--- Task instructions ---
Would you repeat exactly the part of the listing below that runs from the line containing "Satanic antifascists" down to the line containing "Brunis Pizza |", inclusive, and nothing else?

--- Input data ---

⟨

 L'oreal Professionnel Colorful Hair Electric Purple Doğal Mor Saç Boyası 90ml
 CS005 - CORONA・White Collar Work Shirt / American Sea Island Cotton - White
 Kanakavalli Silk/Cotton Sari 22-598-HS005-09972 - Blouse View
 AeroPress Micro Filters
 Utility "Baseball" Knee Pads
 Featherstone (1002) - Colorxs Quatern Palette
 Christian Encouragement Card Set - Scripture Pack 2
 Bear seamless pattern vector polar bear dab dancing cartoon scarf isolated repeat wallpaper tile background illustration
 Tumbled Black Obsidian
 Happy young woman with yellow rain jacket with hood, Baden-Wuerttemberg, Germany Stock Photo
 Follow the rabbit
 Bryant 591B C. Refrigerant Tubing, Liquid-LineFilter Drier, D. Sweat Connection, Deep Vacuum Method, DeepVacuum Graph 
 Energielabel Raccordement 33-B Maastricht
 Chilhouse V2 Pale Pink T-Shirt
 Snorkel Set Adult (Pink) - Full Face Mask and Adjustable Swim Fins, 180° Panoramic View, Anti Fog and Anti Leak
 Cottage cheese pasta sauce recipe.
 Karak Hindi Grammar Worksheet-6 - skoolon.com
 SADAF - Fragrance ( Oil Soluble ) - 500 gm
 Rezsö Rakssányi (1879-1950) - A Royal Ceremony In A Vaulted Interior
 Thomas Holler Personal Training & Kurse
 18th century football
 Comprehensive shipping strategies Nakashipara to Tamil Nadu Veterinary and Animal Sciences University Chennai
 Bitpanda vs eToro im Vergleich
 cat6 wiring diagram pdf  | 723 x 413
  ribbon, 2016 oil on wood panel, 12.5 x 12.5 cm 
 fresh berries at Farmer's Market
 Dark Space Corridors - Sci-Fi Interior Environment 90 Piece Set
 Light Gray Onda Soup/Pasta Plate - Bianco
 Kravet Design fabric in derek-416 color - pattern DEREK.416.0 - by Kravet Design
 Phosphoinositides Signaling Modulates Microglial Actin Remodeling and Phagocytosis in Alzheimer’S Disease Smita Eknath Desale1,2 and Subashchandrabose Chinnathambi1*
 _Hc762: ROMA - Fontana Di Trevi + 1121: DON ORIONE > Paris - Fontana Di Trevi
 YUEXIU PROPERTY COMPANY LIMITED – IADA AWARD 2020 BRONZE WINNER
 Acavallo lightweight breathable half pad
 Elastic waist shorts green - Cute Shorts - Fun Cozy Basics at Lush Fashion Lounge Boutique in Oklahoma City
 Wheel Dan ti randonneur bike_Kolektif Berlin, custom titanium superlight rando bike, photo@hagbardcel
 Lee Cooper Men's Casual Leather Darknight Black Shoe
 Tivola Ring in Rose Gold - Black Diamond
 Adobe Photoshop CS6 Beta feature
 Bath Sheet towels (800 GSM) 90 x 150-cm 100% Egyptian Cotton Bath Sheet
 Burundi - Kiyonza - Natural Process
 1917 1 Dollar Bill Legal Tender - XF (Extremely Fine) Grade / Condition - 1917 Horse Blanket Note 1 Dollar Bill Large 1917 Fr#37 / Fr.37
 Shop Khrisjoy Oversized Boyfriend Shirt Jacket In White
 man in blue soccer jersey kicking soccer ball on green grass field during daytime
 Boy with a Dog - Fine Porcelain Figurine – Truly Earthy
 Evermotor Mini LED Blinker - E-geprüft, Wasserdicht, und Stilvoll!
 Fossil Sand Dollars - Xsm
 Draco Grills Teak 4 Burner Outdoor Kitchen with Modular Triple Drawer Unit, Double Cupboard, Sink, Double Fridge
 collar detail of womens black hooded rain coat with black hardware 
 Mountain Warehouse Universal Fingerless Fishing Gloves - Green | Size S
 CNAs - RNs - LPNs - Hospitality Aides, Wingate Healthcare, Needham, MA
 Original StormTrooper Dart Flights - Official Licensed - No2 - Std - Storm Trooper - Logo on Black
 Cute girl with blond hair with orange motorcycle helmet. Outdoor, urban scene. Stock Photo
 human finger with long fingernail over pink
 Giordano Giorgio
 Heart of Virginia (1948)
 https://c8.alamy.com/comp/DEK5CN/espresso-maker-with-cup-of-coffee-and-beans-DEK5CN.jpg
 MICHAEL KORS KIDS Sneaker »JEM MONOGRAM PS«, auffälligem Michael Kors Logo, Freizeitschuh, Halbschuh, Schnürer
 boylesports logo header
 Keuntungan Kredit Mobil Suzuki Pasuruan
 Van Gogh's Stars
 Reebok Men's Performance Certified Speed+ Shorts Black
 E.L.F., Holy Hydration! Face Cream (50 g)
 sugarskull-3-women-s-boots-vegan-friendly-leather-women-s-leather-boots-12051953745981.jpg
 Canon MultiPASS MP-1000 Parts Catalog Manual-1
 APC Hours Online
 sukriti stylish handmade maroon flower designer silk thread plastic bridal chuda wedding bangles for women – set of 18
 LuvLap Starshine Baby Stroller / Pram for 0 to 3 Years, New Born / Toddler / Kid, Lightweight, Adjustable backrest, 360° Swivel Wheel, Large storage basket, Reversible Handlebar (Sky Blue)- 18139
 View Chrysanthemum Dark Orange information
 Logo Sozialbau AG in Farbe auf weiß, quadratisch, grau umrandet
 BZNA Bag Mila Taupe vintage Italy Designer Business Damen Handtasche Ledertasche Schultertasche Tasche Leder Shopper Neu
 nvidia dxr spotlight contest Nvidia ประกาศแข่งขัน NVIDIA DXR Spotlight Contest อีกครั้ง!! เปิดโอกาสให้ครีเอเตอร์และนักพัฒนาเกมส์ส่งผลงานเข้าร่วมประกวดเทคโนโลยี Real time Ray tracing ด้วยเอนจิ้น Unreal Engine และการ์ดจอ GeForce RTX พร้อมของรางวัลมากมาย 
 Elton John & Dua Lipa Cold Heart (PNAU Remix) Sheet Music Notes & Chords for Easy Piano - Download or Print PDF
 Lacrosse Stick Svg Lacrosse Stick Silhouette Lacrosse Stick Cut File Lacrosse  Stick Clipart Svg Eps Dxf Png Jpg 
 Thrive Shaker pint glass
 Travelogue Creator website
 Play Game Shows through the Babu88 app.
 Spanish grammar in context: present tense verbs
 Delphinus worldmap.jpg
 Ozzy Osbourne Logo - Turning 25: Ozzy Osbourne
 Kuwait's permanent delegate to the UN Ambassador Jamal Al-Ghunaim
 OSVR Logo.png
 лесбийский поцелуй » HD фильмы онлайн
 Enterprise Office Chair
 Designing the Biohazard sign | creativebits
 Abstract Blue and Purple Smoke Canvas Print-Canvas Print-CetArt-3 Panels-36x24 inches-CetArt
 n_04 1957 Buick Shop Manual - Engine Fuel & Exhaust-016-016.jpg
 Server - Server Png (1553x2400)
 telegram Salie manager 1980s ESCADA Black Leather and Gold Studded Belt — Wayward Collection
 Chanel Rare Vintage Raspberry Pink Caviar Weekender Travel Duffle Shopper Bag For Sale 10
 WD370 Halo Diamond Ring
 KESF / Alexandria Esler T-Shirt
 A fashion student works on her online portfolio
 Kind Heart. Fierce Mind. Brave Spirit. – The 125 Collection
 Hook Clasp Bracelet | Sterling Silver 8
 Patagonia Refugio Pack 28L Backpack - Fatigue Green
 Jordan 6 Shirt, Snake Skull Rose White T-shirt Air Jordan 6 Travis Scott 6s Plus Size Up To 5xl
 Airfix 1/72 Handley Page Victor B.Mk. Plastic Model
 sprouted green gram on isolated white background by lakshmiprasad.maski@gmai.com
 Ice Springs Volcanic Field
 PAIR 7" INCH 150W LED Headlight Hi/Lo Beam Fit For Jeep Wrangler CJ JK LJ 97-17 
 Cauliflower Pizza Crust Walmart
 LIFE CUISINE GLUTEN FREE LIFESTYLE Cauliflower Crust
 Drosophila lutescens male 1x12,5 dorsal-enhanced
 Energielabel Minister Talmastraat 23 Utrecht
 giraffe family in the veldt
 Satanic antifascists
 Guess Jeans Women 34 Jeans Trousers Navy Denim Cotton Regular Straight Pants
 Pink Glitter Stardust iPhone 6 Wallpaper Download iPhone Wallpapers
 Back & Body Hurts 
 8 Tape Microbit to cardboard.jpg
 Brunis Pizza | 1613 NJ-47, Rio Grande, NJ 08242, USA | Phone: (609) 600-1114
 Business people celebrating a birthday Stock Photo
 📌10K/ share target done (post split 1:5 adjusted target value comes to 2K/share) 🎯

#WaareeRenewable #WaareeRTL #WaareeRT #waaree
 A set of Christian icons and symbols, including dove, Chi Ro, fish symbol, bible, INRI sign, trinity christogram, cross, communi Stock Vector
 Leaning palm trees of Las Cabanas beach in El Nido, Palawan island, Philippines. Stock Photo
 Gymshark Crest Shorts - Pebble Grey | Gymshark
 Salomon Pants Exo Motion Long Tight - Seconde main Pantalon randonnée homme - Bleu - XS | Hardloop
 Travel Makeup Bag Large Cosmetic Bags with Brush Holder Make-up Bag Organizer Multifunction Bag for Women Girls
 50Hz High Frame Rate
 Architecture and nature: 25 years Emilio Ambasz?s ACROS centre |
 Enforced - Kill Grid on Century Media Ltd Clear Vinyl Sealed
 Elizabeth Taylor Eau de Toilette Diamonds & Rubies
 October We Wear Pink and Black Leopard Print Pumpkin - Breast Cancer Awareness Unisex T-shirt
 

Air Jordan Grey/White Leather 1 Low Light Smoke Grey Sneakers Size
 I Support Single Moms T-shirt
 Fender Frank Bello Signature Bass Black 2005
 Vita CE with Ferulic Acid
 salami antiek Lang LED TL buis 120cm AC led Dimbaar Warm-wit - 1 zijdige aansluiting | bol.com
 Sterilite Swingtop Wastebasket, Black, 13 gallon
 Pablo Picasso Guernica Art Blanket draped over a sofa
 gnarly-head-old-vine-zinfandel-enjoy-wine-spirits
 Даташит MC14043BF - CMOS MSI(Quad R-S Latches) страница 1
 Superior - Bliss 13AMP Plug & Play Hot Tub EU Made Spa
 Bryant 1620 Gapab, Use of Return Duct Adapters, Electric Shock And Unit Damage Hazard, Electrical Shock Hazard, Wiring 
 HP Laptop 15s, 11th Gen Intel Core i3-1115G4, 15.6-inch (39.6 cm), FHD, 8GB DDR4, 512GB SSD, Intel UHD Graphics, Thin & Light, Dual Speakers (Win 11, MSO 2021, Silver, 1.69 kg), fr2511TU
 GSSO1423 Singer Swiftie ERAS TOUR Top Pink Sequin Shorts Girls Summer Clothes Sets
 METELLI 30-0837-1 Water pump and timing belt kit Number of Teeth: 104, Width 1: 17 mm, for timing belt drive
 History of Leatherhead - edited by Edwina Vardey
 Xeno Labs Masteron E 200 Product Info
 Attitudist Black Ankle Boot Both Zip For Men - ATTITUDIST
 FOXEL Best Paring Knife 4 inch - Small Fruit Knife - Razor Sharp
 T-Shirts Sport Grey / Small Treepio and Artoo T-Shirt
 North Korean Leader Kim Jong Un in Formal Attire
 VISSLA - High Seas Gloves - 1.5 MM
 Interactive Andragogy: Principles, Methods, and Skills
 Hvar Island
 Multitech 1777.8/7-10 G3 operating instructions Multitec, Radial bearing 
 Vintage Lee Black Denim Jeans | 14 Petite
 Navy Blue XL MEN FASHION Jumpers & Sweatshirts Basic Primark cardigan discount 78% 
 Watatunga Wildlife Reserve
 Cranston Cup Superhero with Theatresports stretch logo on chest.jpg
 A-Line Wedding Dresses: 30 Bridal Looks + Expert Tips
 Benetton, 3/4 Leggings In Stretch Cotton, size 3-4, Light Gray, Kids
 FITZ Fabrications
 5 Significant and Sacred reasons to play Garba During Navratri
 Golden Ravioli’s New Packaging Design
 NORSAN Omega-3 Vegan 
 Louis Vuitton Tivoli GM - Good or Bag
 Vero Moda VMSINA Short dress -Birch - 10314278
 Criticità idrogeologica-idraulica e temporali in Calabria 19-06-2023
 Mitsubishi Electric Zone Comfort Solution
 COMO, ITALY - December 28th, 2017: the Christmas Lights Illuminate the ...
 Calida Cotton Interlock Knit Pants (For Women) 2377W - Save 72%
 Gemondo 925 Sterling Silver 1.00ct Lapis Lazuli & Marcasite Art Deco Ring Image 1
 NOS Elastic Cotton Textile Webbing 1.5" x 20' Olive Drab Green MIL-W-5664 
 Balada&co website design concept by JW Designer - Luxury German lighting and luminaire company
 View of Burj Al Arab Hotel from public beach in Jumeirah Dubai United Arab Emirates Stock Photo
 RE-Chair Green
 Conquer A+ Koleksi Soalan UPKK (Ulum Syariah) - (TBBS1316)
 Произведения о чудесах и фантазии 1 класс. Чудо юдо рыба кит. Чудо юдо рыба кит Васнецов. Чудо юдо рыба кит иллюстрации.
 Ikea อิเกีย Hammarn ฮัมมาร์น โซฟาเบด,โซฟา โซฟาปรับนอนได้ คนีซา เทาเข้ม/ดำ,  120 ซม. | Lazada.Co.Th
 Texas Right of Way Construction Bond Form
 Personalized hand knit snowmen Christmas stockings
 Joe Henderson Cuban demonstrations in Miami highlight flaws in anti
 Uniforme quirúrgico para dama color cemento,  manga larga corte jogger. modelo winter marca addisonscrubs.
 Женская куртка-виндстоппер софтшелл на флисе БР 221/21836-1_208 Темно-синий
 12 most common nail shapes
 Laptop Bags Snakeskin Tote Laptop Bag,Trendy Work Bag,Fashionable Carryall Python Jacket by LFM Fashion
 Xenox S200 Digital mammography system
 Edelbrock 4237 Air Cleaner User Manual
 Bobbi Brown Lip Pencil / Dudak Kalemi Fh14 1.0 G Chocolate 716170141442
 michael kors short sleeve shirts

⟩

--- Answer for this exercise ---
 Satanic antifascists
 Guess Jeans Women 34 Jeans Trousers Navy Denim Cotton Regular Straight Pants
 Pink Glitter Stardust iPhone 6 Wallpaper Download iPhone Wallpapers
 Back & Body Hurts 
 8 Tape Microbit to cardboard.jpg
 Brunis Pizza | 1613 NJ-47, Rio Grande, NJ 08242, USA | Phone: (609) 600-1114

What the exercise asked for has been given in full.